Phengaris is a genus of gossamer-winged butterflies in the subfamily Polyommatinae. Commonly, these butterflies are called large blues, which if referring to a particular species is P. arion, a species resident in Europe and some parts of Asia.

Phengaris is currently defined to include the genus Maculinea. The type species of the latter was the Alcon blue ("M." alcon). This species was found to be less closely related to most other supposed members of Maculinea than the traditional Phengaris species, and hence the two genera were merged to form a monophyletic group. Alternatively, Maculinea could be restricted to the one or two species of "Alcon" blues, and the rest of it be separated as a new genus.

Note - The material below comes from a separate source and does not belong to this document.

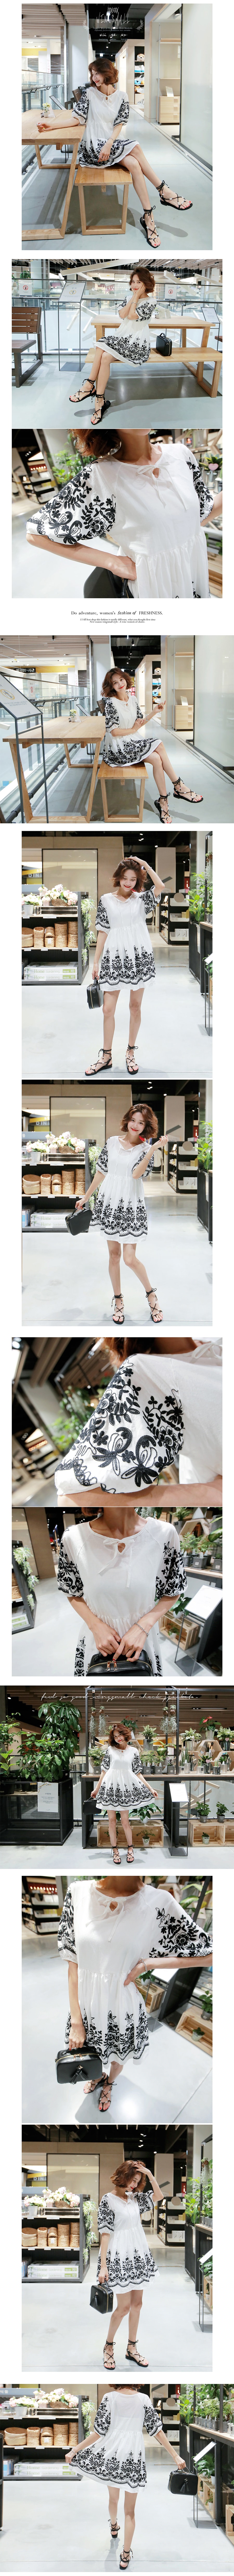 [KOREA] Floral-Embroidered Flare Mini Dress #White One Size(S-M) [Free Shipping]

But this would create two very small genera, which is generally avoided by modern taxonomists. As Phengaris is the older name, it thus replaces Maculinea.

Maculinea was alternatively considered to be a subgenus of Glaucopsyche. But while Glaucopsyche and Phengaris (including Maculinea) are certainly close relatives, they are unlikely to be that close.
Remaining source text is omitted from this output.